Becks represents a generation of gay women and men coming out in a time where their sexuality is relatively accepted, even in God-fearing Cardinal Nation. For Sam Cooper, the neurotic hero of After Louie, that's a difficult thing to accept. As played the incomparable Alan Cumming, Sam is a veteran of the 1980s AIDS scare, and he's a little resentful of younger men who didn't share those dark days. An artist, he's nostalgic for his time as an activist, obsessing over a memorial to a friend who died three decades earlier, and frustrated by friends who no longer dwell in the past.
When he begins a purely physical relationship with Braeden (Zachary Booth), his bitterness and sense of mortality escalate, alienating his friends and forcing him to re-evaluate a lifetime of political awareness. After Louie is a spotty but ambitious film, a digest of four decades of gay culture held together by Cumming's irresistibly cranky charm (and New York accent).
Finally, for a valuable lesson in American history, The Lavender Scare describes how homosexuals were systematically removed from government jobs and the military for being "security risks" during the Cold War era, despite not a single case of a gay man or woman ever being accused of turning over government secrets or being blackmailed over their sexuality.
Directed by Josh Howard and based on a book by David Johnson, it's a fast-paced, disturbing depiction of small-mindedness turned into political edict.
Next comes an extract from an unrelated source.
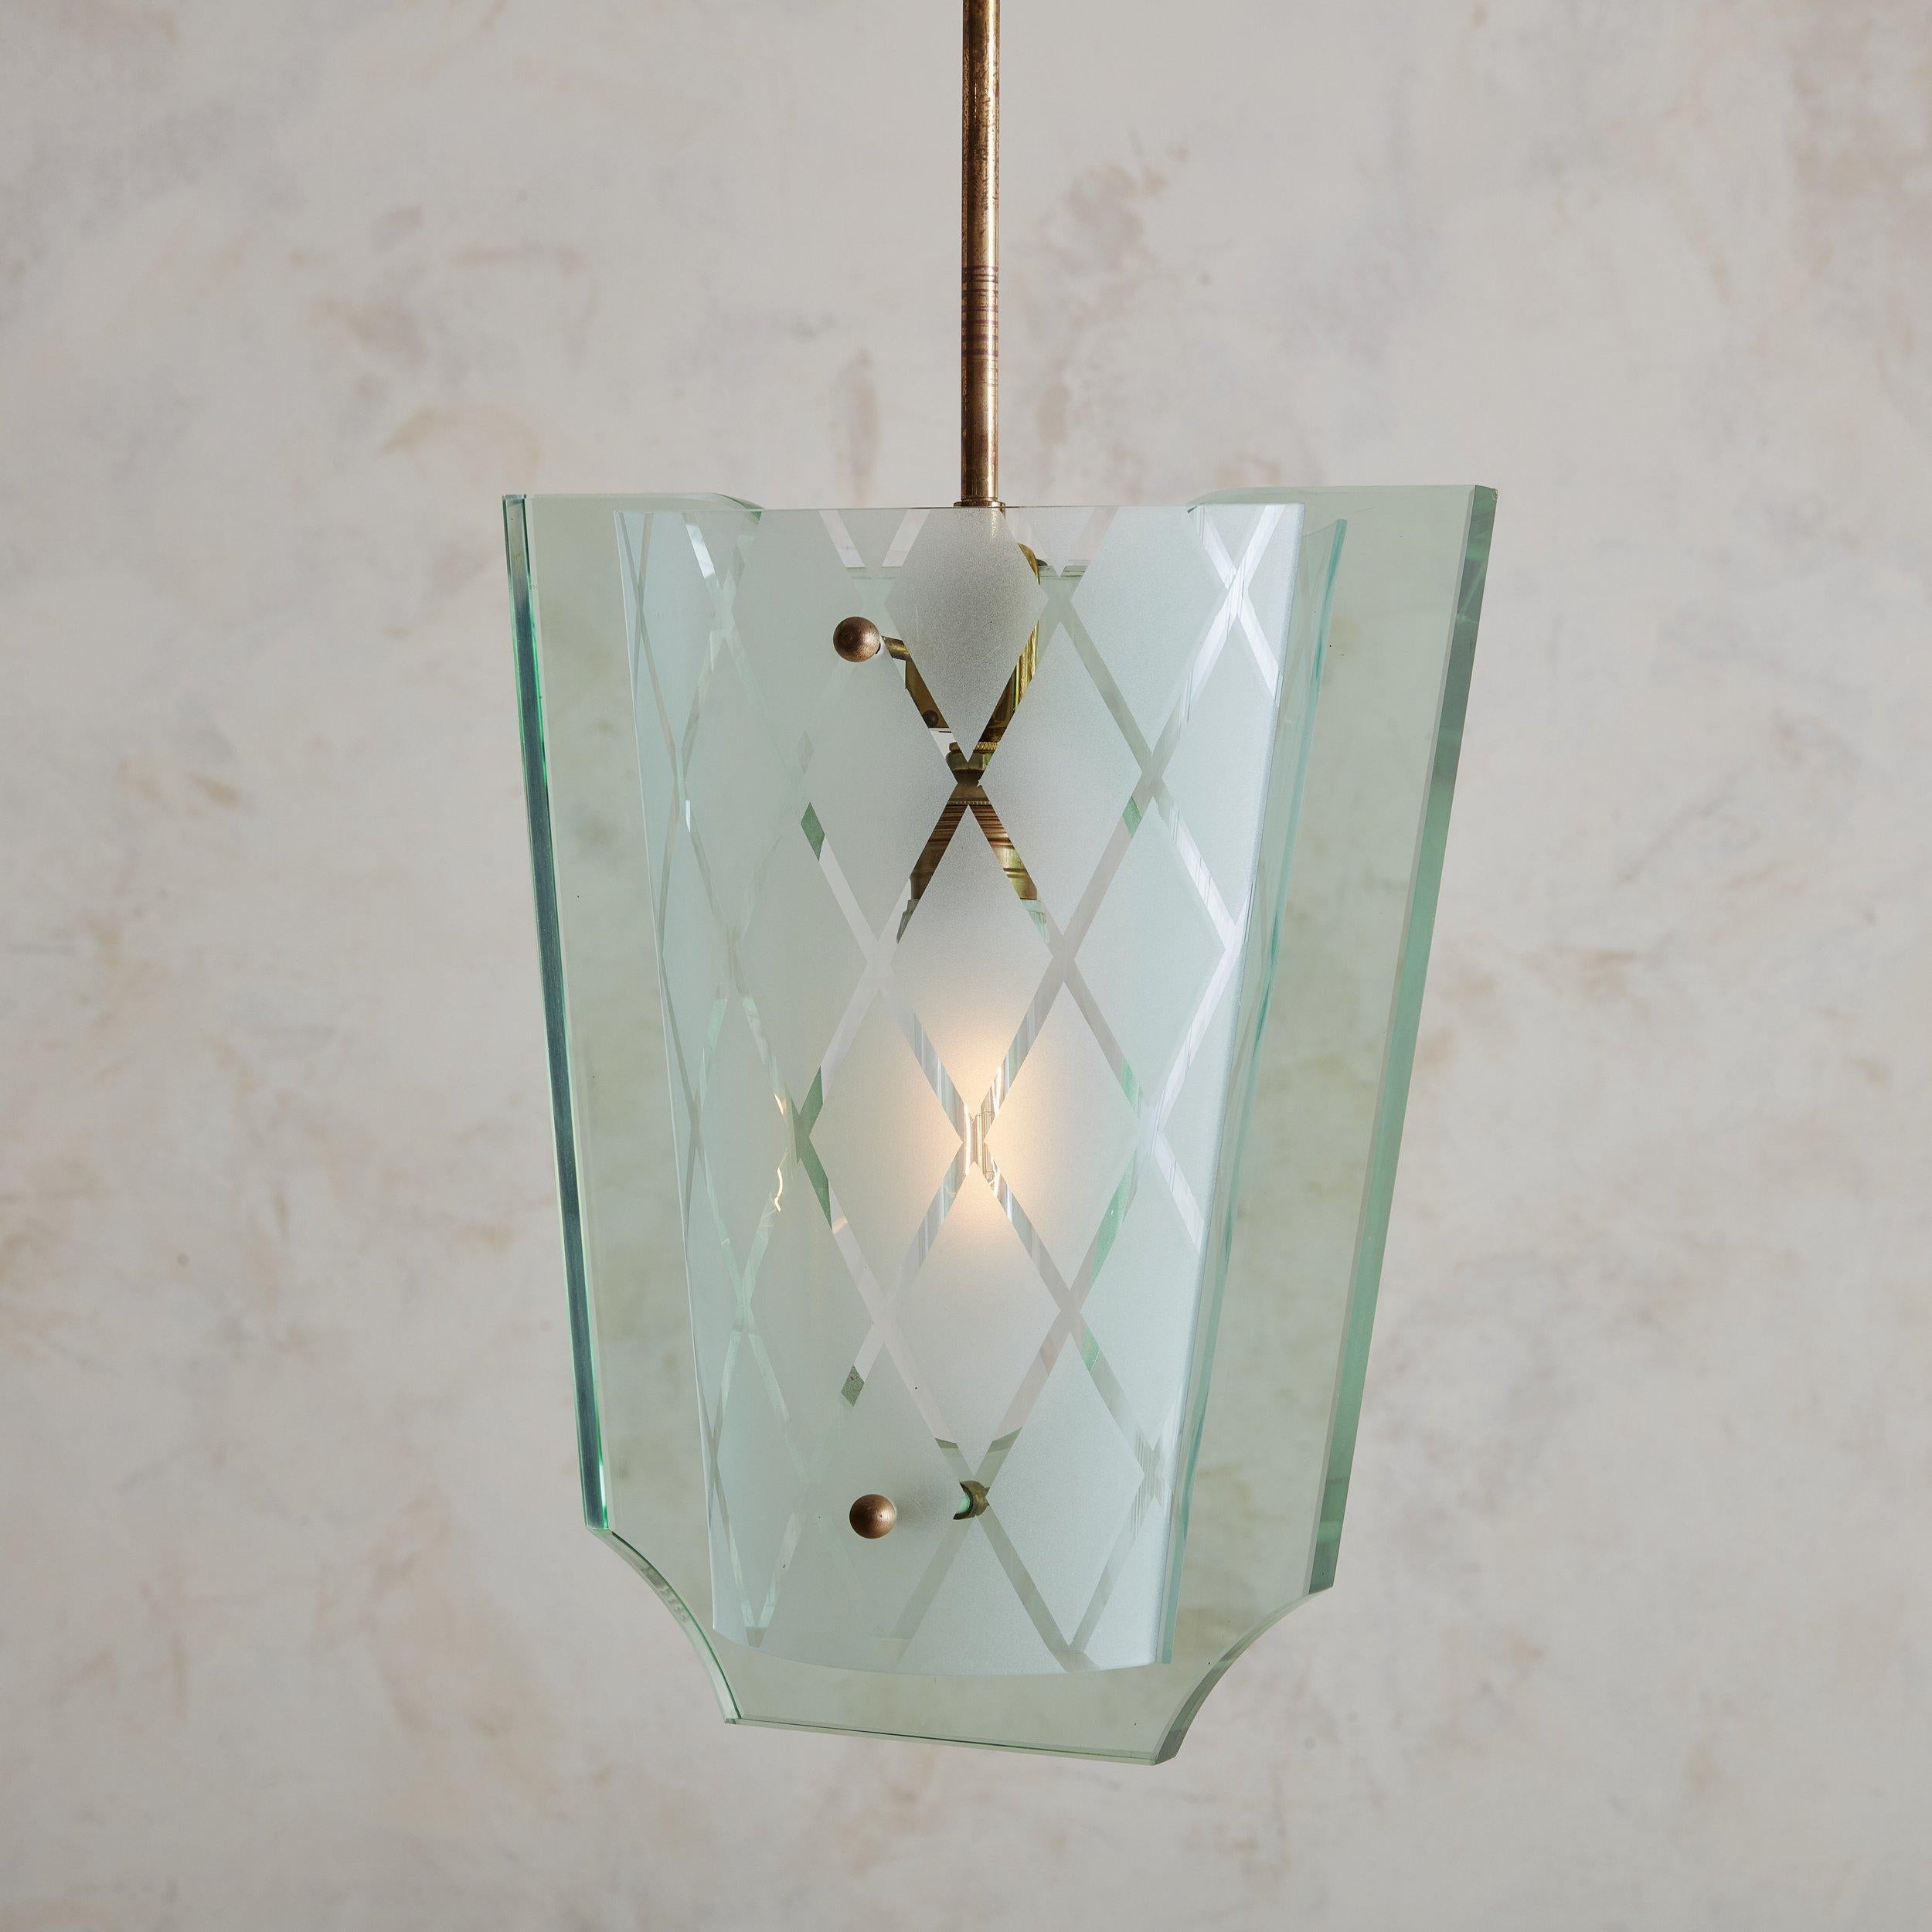 Mid-20th Century Italian Brass+Glass Pendant Light by Pietro Chiesa for Fontana Arte, Italy 1950s For Sale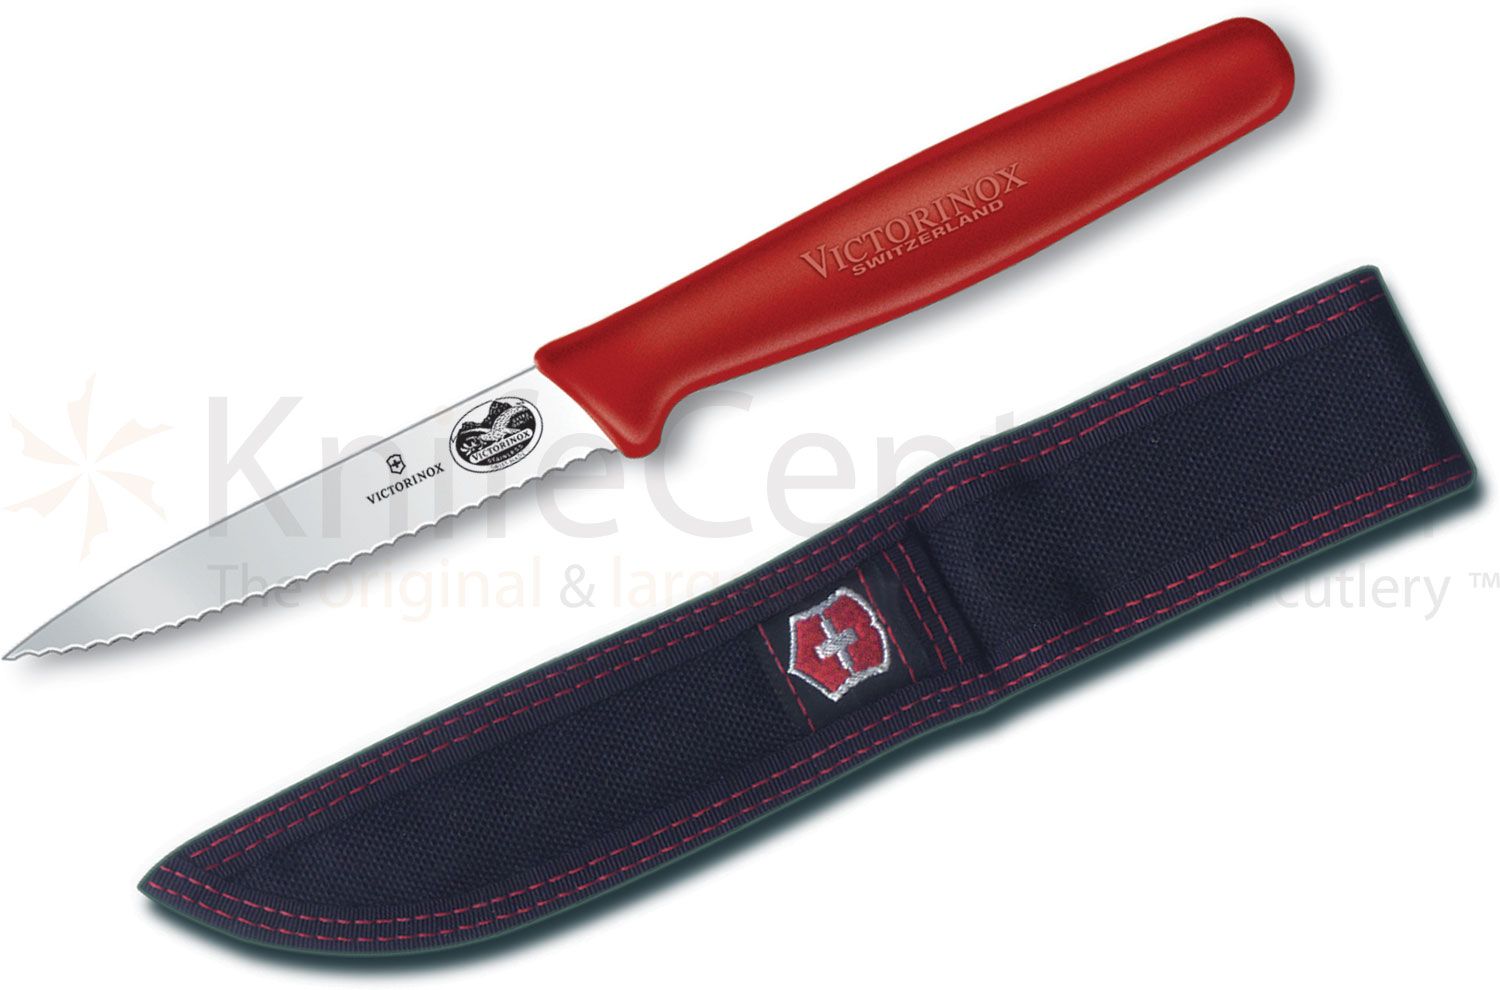 Victorinox - 6.7637 - 3 1/4 in White Serrated Paring Knife

Told in the Ken Burns style, with letters and diaries read by Cynthia Nixon and Zachary Quinto, among others, The Lavender Scare is a capsule history of Cold War hysteria and a classic example of a political witch hunt. Stories of careers cut short and loyal Americans driven to suicide are recounted by those who suffered the sanctioned persecution, as well as by the bureaucrats who wielded the brooms.
And if you think these stories of ruined careers and lives are just tales from a less enlightened time, stick around to the very end for a footnote about how the State Department — and the current White House — have addressed this chapter of history. Short answer: a dignified apology from one administration, a typically crass response from another.